Barbara tries to mask her views where they differ from her husband's. Her preferred line on abortion is "I'm not going to tell you my opinion," a perhaps pointedly transparent admission of her pro-choice views, since if she agreed with Bush she would presumably say so. She disagreed behind the scenes with his hardball campaign tactics, masterminded by Jim Baker, Atwater, Roger Ailes and others. Late in the general-election campaign, aides sensed Barbara's unseen hand after speeches were rewritten in a softer tone. "There were drafts of speeches that went into the suite at night and came out the next morning with changes," an aide recalls.

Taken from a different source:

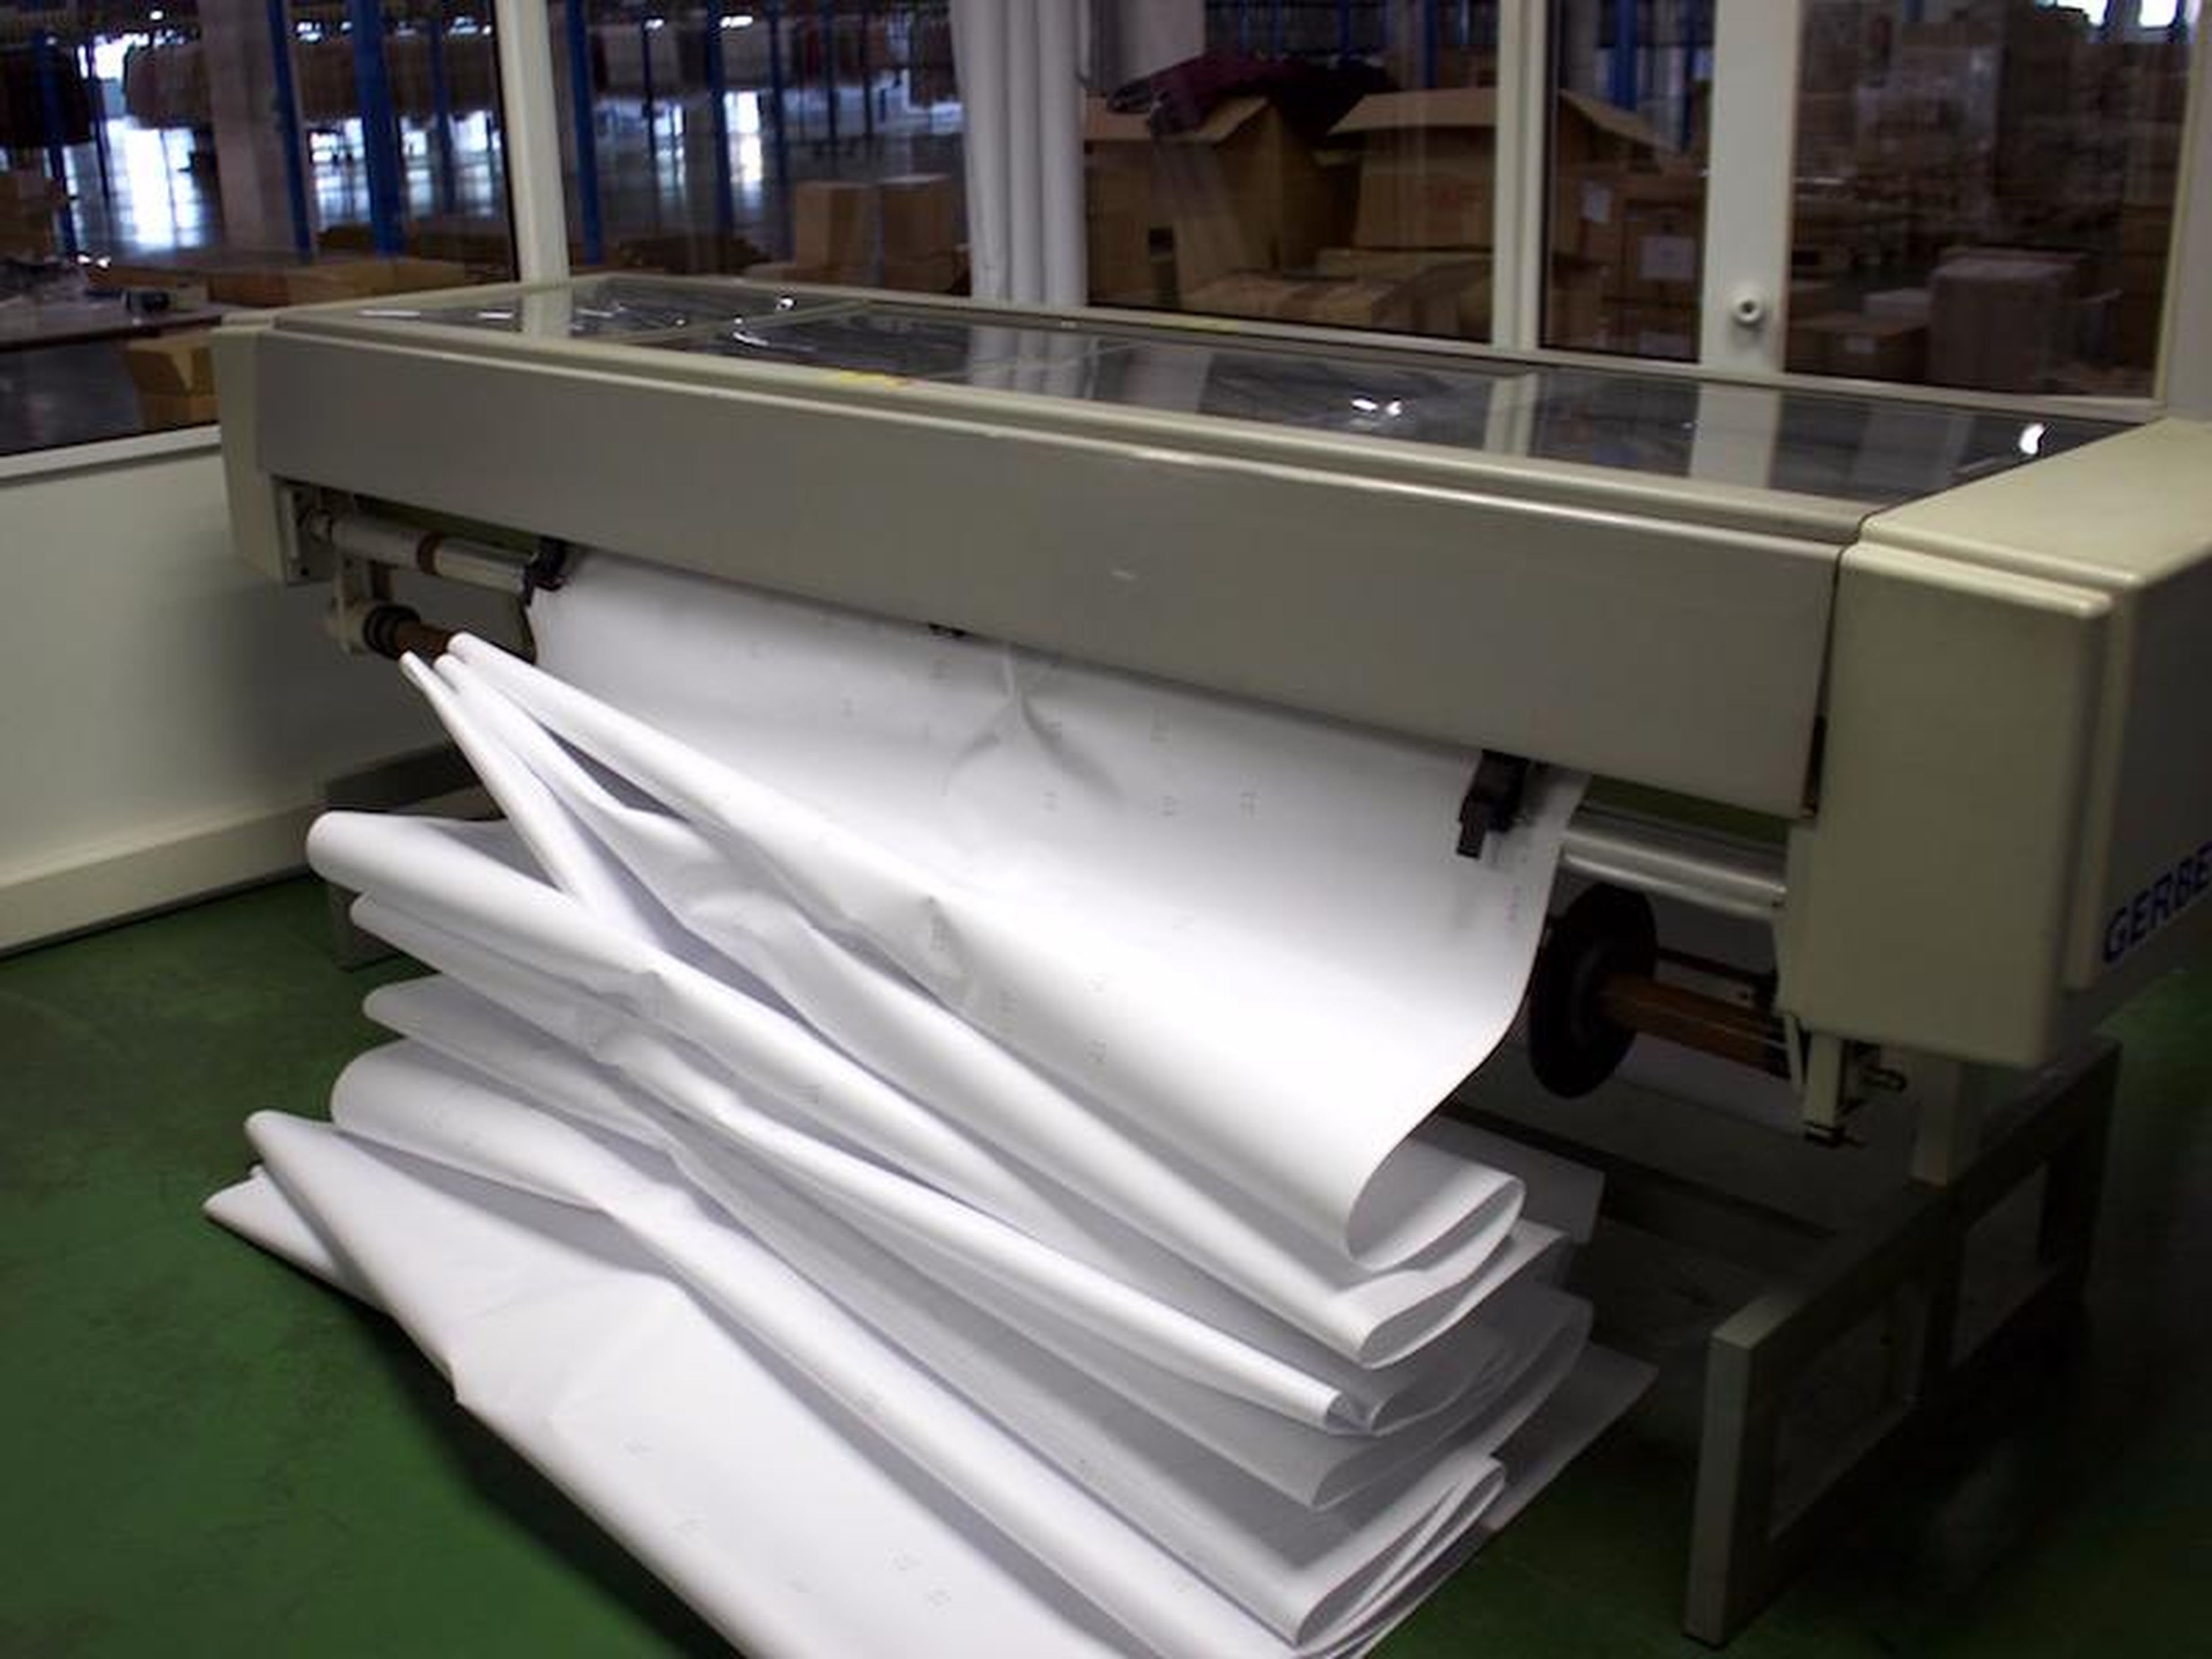 The pattern layout is then sent to a machine that prints a life-size copy, using the relevant information about what part of the garment each piece is.

Some staffers credit Barbara with getting George to suddenly pledge cleaner campaign tactics at a fund raiser last fall at Bob Hope's Hollywood spread. The announcement so stunned aides that they disappeared on purpose afterward. But Barbara wasn't all softball. When Bush was resisting advice to air the now famous "straddle ad" in New Hampshire that showed Iowa caucus victor Robert Dole flip-flopping on taxes, Barbara finally chimed in, "I don't see anything wrong with that ad." It ran, and Bush took the state by 10 points.

She won't be guided by astrology, but, like Nancy Reagan, Barbara will take control of her husband's schedule when he begins to suffer, as she did on the eve of the election in November. As Michael Dukakis mounted a last-minute "double red-eye," flying nearly coast to coast and back again on election eve, Bush's handlers argued for a similar marathon. But Barbara put her foot down. "People are going to vote the way they're going to vote," she said. "We're going to Texas."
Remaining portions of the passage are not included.